- Sire: Olympia
- Grandsire: Heliopolis
- Dam: Dog Blessed
- Damsire: Bull Dog
- Sex: Stallion
- Foaled: 1953
- Country: United States
- Colour: Bay
- Owner: River Divide Farm (Robert J. Dienst)
- Trainer: Rollie T. Shepp
- Rider: Bill Hartack
- Record: 42: 25-8-1
- Earnings: US$269,530.

Major wins
- Bay State Kindergarten Stakes (1955) Narragansett Nursery Stakes (1955) De Soto Handicap (1955) Dade County Handicap (1955) Tyro Stakes (1955) Coral Gables Handicap (1956) Hibiscus Stakes (1956) Hutcheson Stakes (1956) Inaugural Handicap (1956) Oceanport Handicap (1956, 1957) Select Handicap (1956) New Year's Handicap (1957) Hialeah Inaugural Handicap (1957) John Alden Handicap (1957) Longport Handicap (1957) Princeton Handicap (1957) Rumson Handicap (1957)

Awards
- American Champion Sprint Horse (1956, 1957)

Honours
- U.S. Racing Hall of Fame (2025)

= Decathlon (horse) =

American-bred Thoroughbred racehorse

Decathlon (1953–1972) was an American Thoroughbred racehorse who was voted the U.S. Champion Sprint Horse in 1956 and 1957. He was sired by Olympia, the Leading broodmare sire in North America in 1974. His dam was Dog Blessed, a daughter of Bull Dog, the 1943 Leading sire in North America.

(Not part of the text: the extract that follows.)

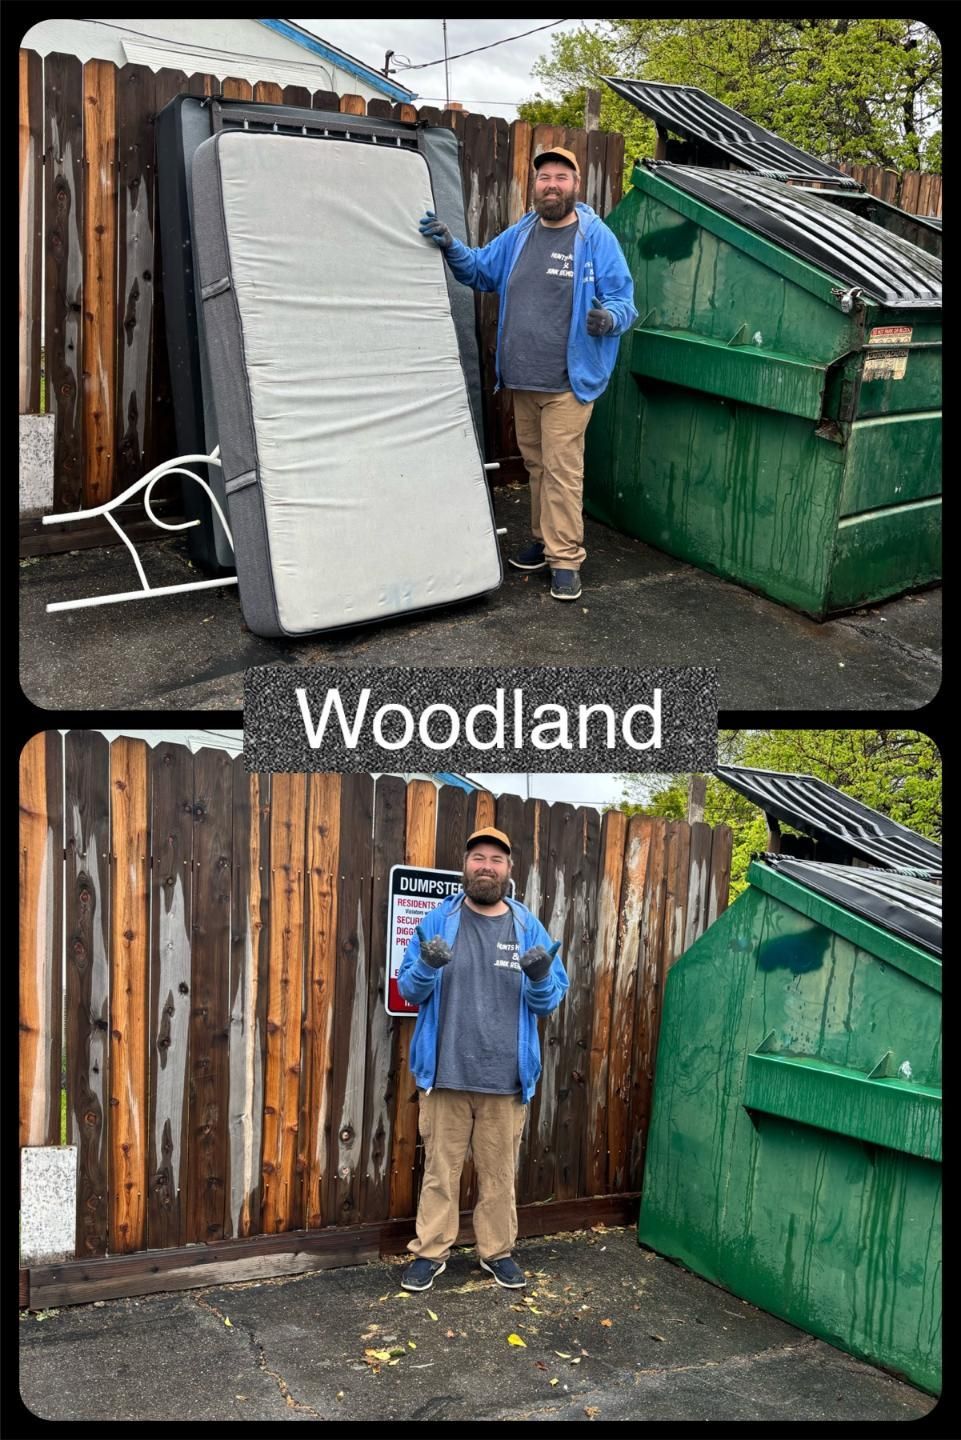 A man is standing next to a dumpster holding a mattress.

Decathlon was purchased for $15,500 at a 1954 Kentucky yearling sale by Robert J. Dienst, president of Beulah Park Racetrack in Columbus, Ohio.
Decathlon was trained by Rollie Shepp. Because of his awkward side-wheeling stride, Shepp and owner Dienst decided his running style might exhaust the colt over longer distances and early in his racing career began limiting him to sprint races.

In October 1957, Robert J. Dienst announced that Decathlon would be retired to stud in Kentucky for the 1958 season. The horse finished his racing career with a record of 25-8-1 from 42 starts with earnings of US$269,530.